Action: Fingers of both hands spread out, thumbs touching under the chin, other fingers spread out on either cheek, little fingers touching lips.

“This gesture could show fear and is usually accompanied by the micro expression which is where the cheek muscles tense up… the type of grimace which the popular cartoon character Wallace does in the Aardman films!

“Some people think it means, ‘Oh my Gosh’, but it’s actually a combination of both fear and surprise.

“When we talk about micro expressions, which show you what a person is really feeling, surprise lasts less than one fifth of a second.

“So, when someone is told some news and they put their hands to their face for around two seconds or longer, the likelihood is that they already knew what you’ve told them!

“If they over-egg the pudding and show ‘flash surprise’ and put their hands to their face immediately, then they knew what was coming. Static hands are very dominant.”


Action: Both hands placed on the top of the head with fingers locked together, commonly seen from Footballers.

“This is literally, ‘I can’t believe I am in this situation!’ It’s also self-reassurance when in a difficult position.

“Hands on the head is a stress position. It’s why the police ask people to do that when they arrest someone.”


Action: Thumb cradling the ‘V’ of the chin with a pointer finger on the face at a 20-degree angle, pointing to the temple.

“This is a judgement gesture, considering what you’ve been told.

"In a sales pitch or if someone is pitching an idea to you, you are running pictures through your mind."


Action: Hands out in front of the body, fingers spread out, left wrist rolls anti-clockwise, right wrist rolls clockwise.

“The Double Tumbleweed shows you can’t get the words out at the same speed you are thinking.
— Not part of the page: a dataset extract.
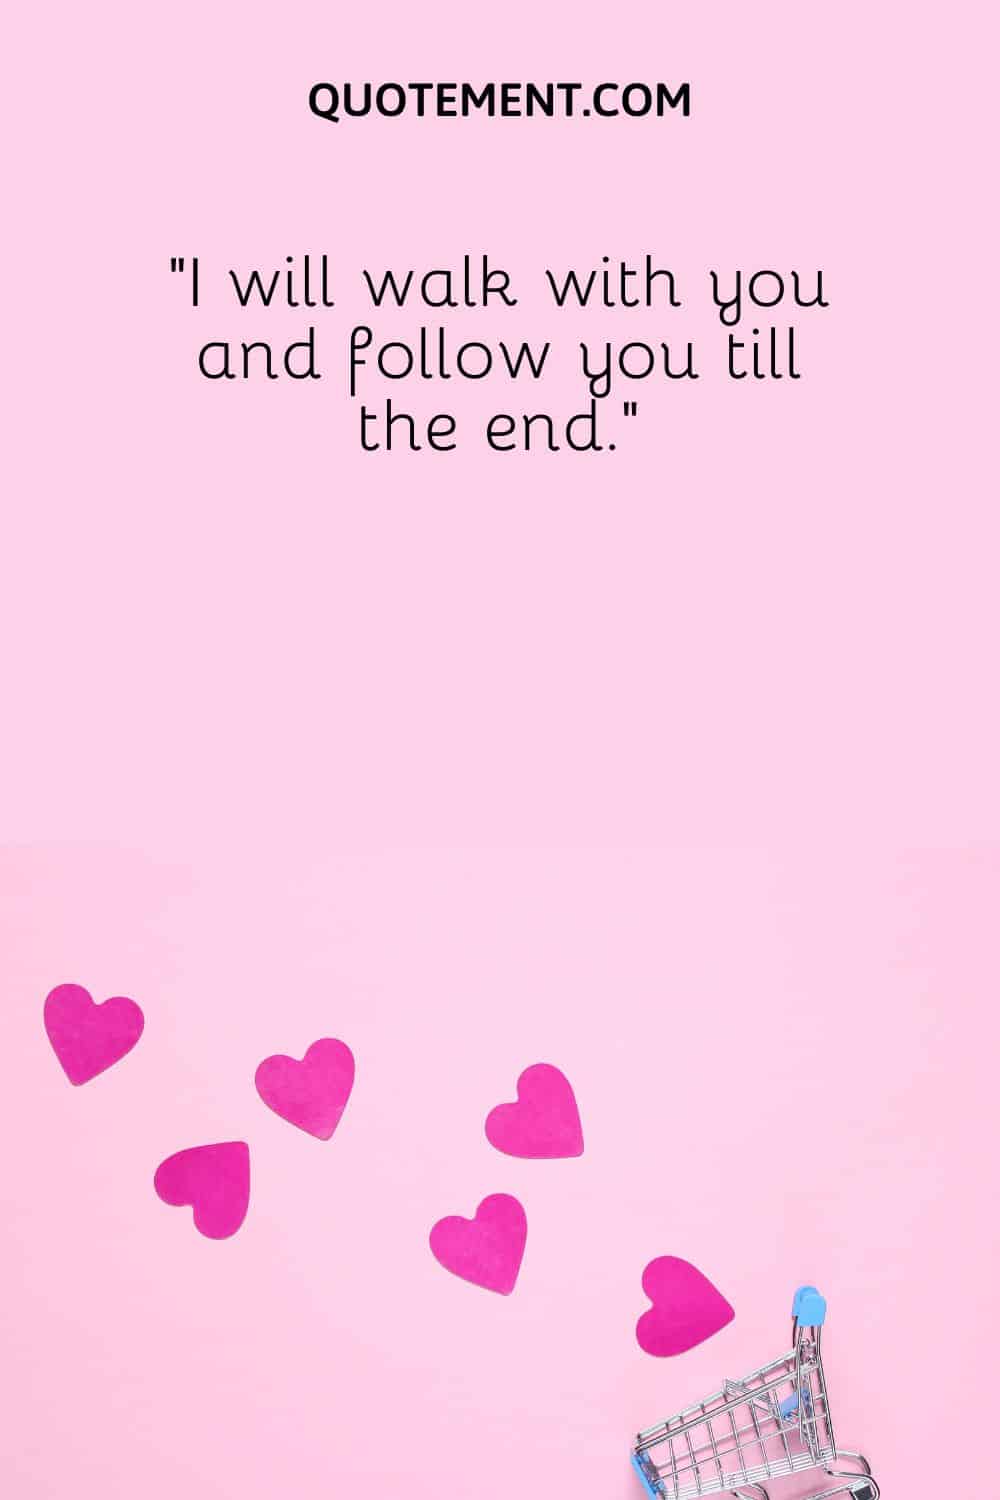 “I will walk with you and follow you till the end.”

The rolling hands show a bit of a delay in what the person is thinking about. There isn’t a pre-planned dialogue.

“Women are seen to be more open about their feelings and are in touch with kinesthetics – which come into play here. They’re talking on instinct.

“People who use the Double Tumbleweed talk at the rate they’re working things out in their head for themselves.

"For example, if someone is working out a maths problem, they might articulate it to you at the same time as they are working it out – so their hands may be rolling more slowly.

“Or perhaps it’s a difficult topic that they’re trying to get advice on. It might even be a difficult subject they are trying to navigate as they are talking.

“When women splay their fingers out – it shows openness and honesty. You’re not creating any barriers; your fingers are apart. So, they’re being open.

“You generally see this more from females than males – who might be more likely to clench their fists.

“If someone is showing a more staggered tumbleweed – then the thought process could be slower, stalling perhaps, as the mind and the body are linked and that is shown in this gesture.”


Action: One hand held out in front of body with wrist rolling in a circle.

“This literally means ‘get a move on!’

“Sometimes people do it subconsciously. A lot of the time, people aren’t even aware of what they’re doing with their hands.

“If someone is talking and moving one hand, they’re not wholeheartedly confident with what they’re saying.

“If someone else is speaking and they do that, it means, ‘I want to speak now. It’s my turn’. Essentially, they’ve already decided what they’re going to say in response to you.”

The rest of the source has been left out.